═════ Supplied data
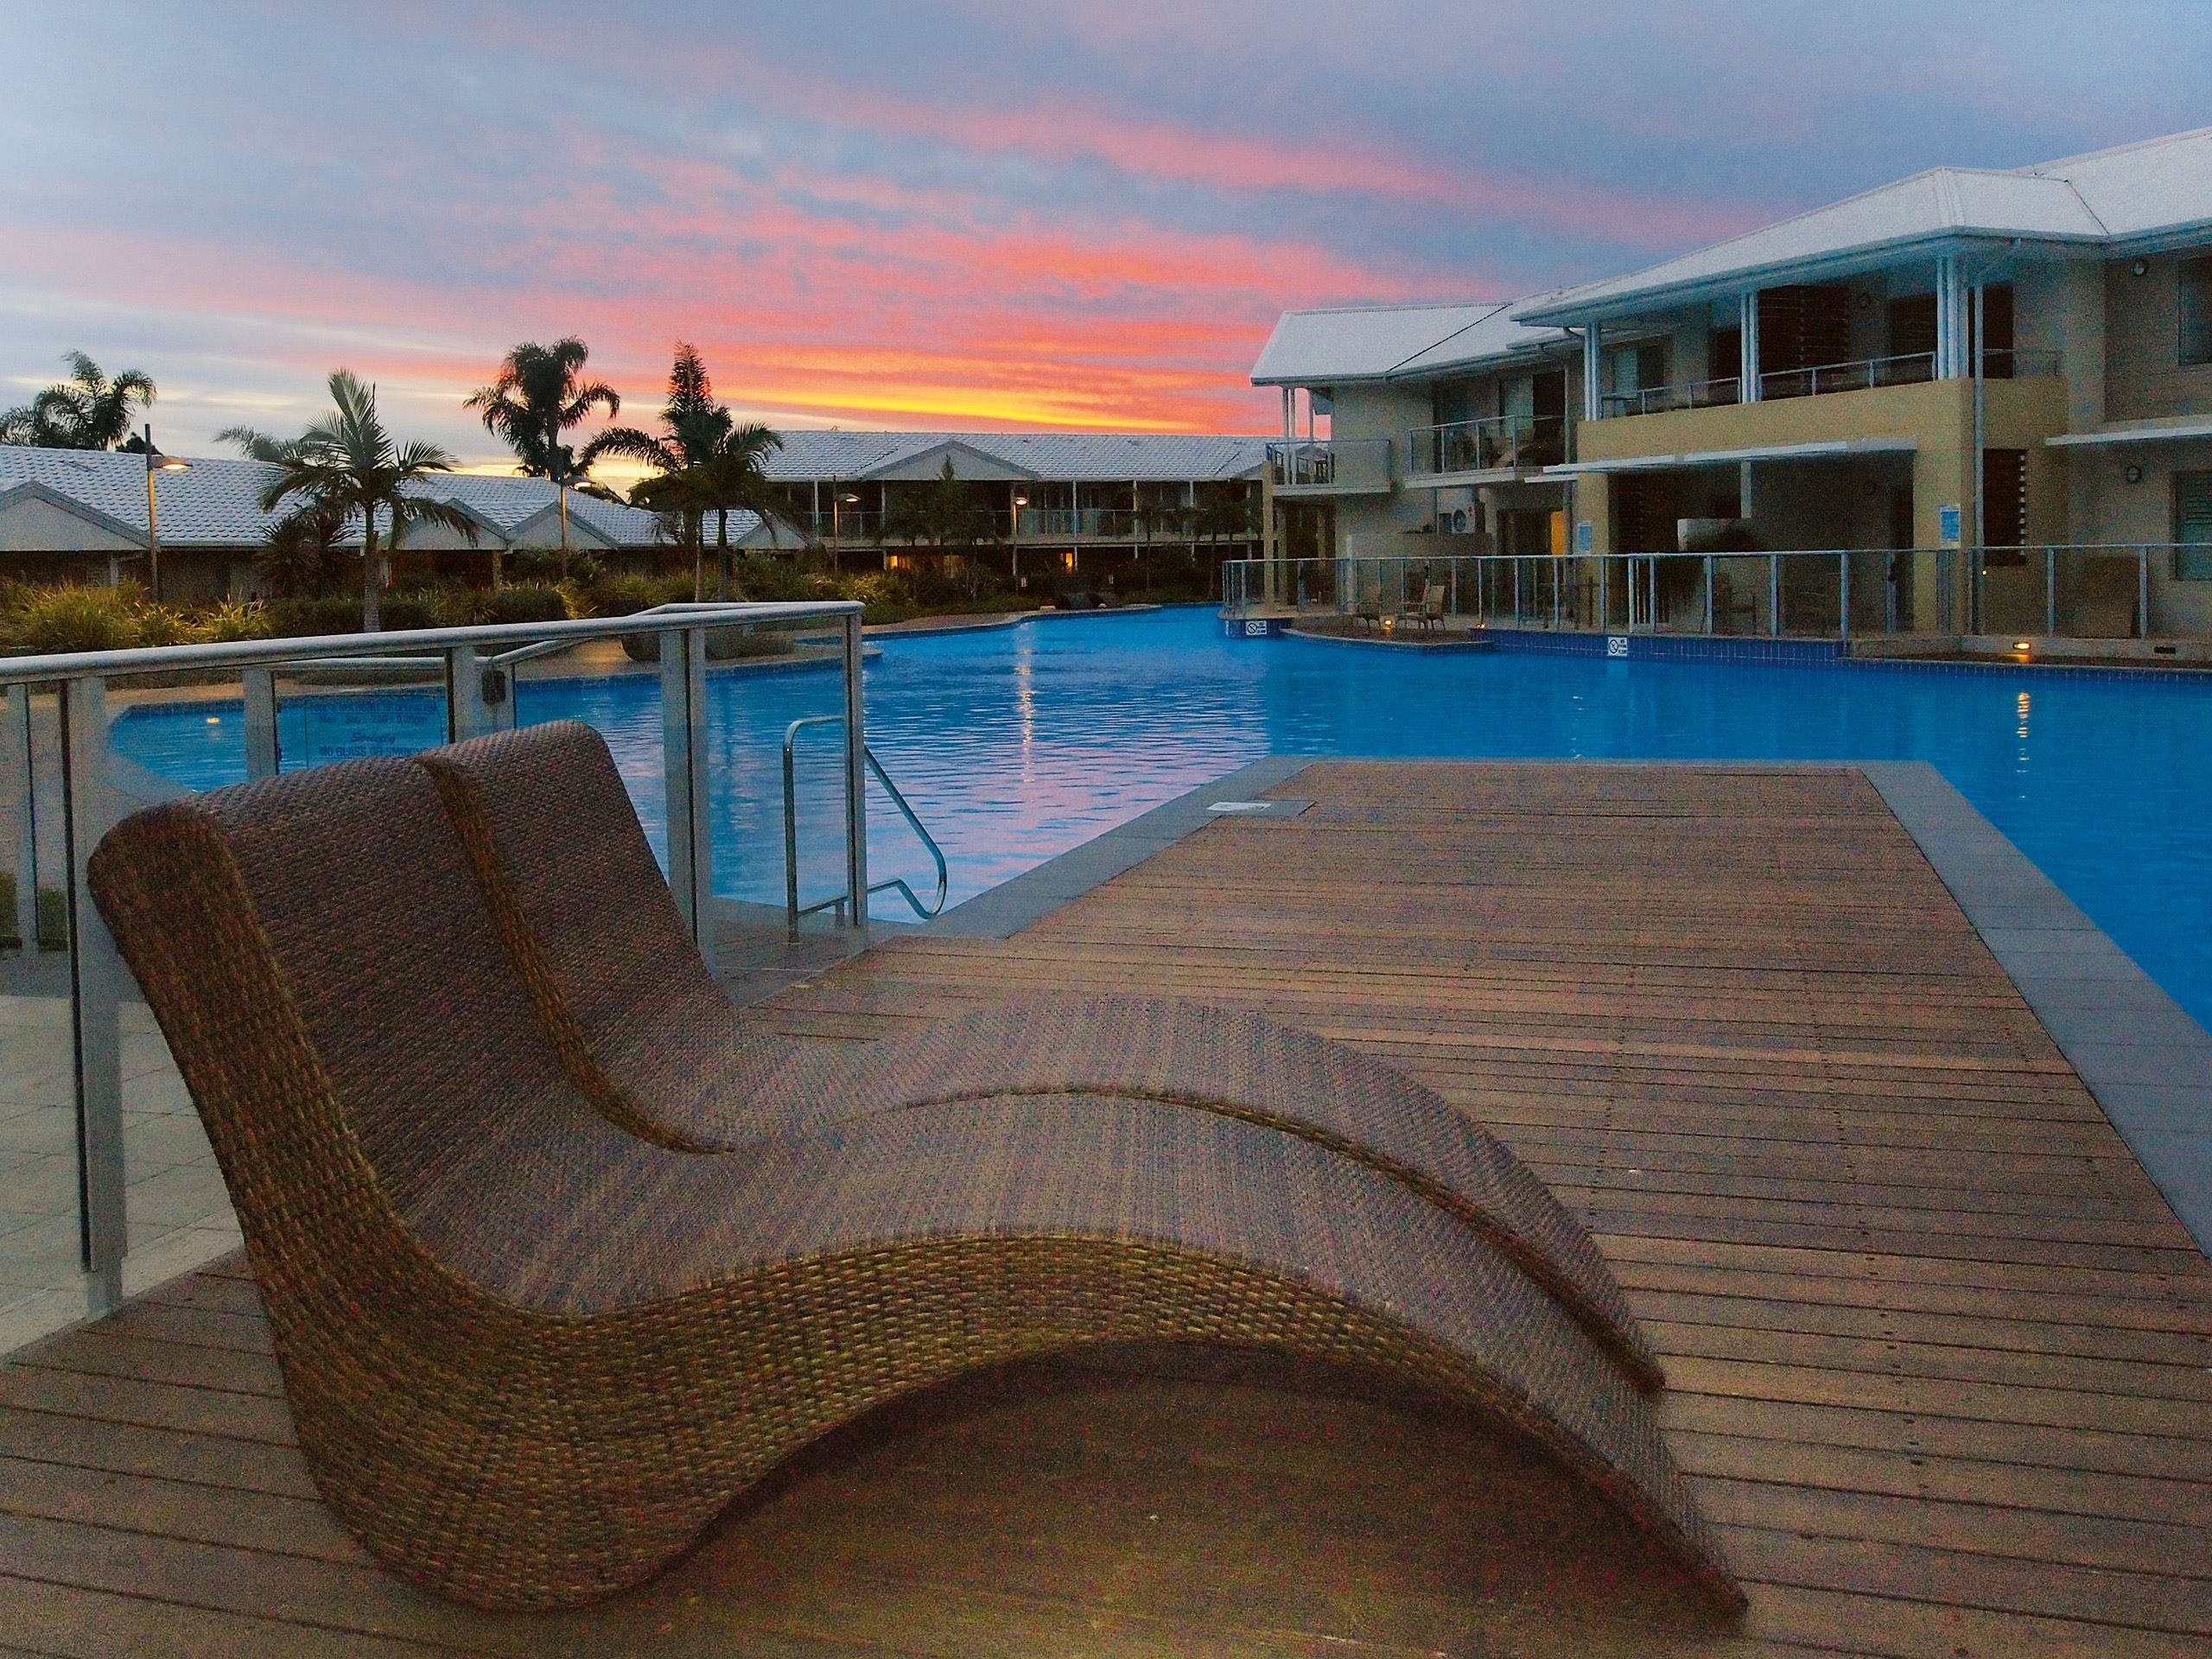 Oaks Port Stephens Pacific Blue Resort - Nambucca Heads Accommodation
══════════
═════ Supplied data
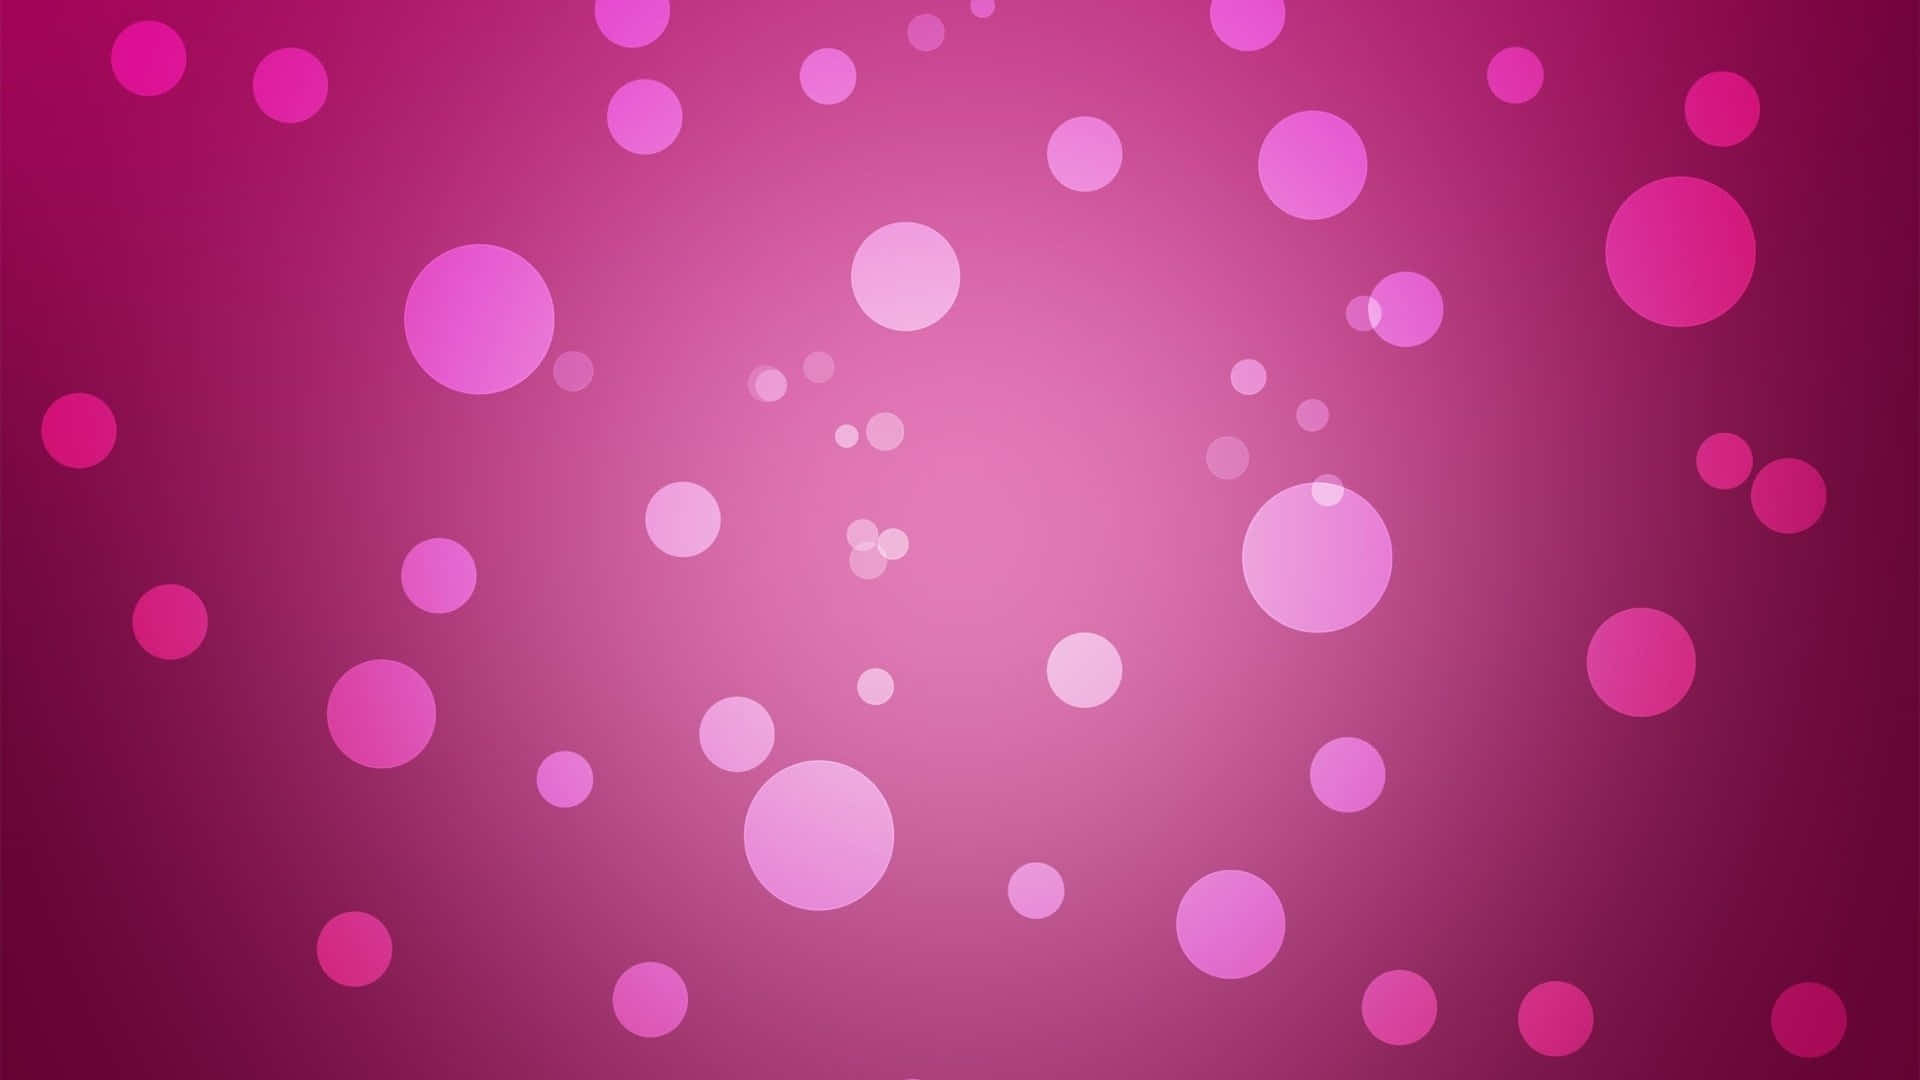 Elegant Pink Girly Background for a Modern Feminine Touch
══════════
═════ Supplied data
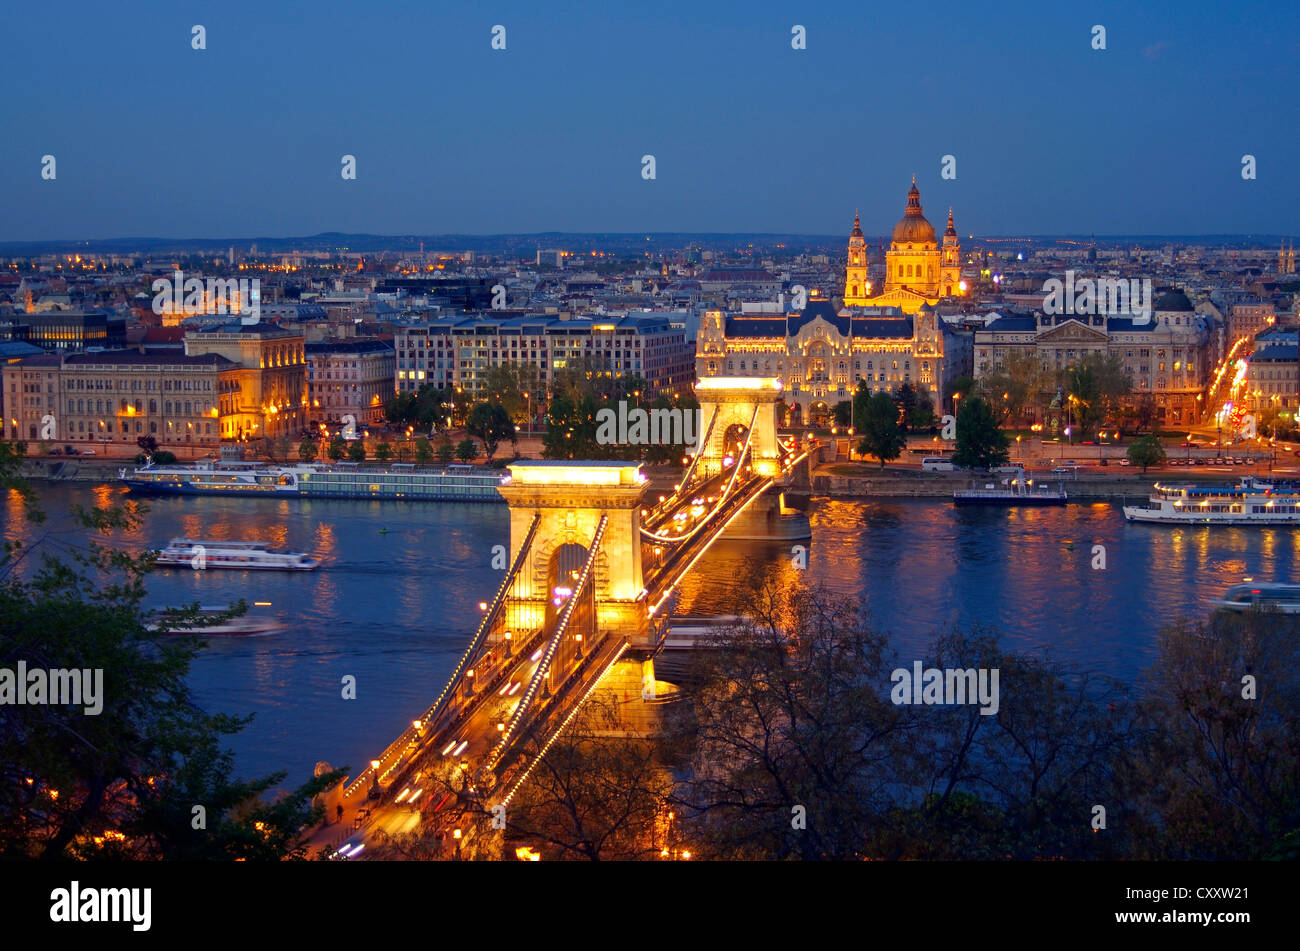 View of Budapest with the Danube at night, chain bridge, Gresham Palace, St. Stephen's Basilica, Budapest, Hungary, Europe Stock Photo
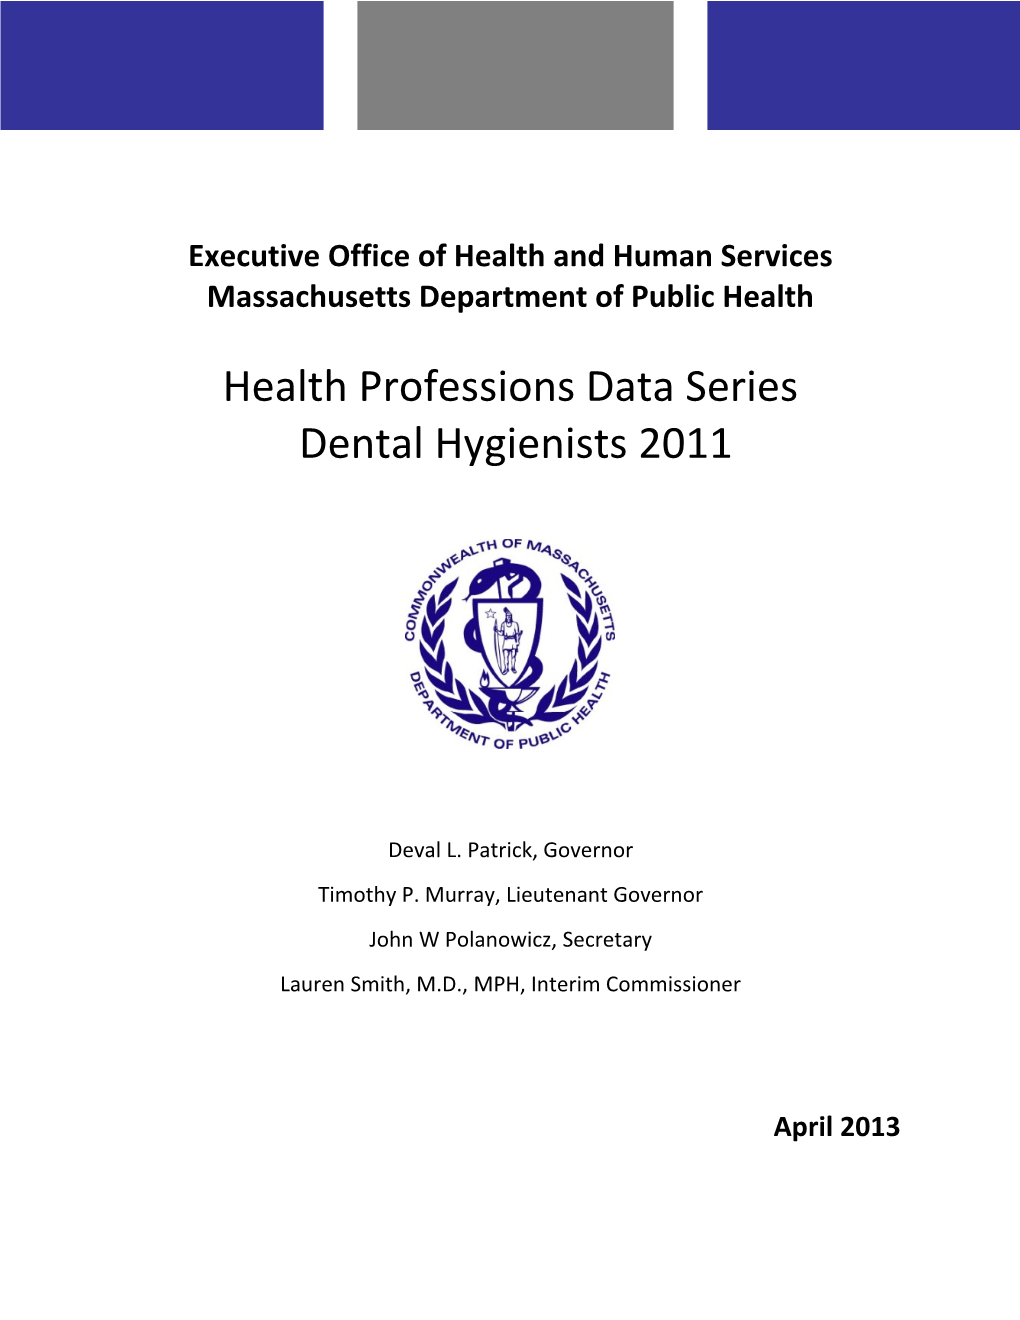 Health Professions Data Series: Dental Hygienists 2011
══════════
> **What to work on**
Beginning with the line that contains "View of Budapest" and ending with the line that contains "Health Professions Data", reproduce the listing exactly, pictures excluded.

> **Solution for this exercise**
 View of Budapest with the Danube at night, chain bridge, Gresham Palace, St. Stephen's Basilica, Budapest, Hungary, Europe Stock Photo
 Health Professions Data Series: Dental Hygienists 2011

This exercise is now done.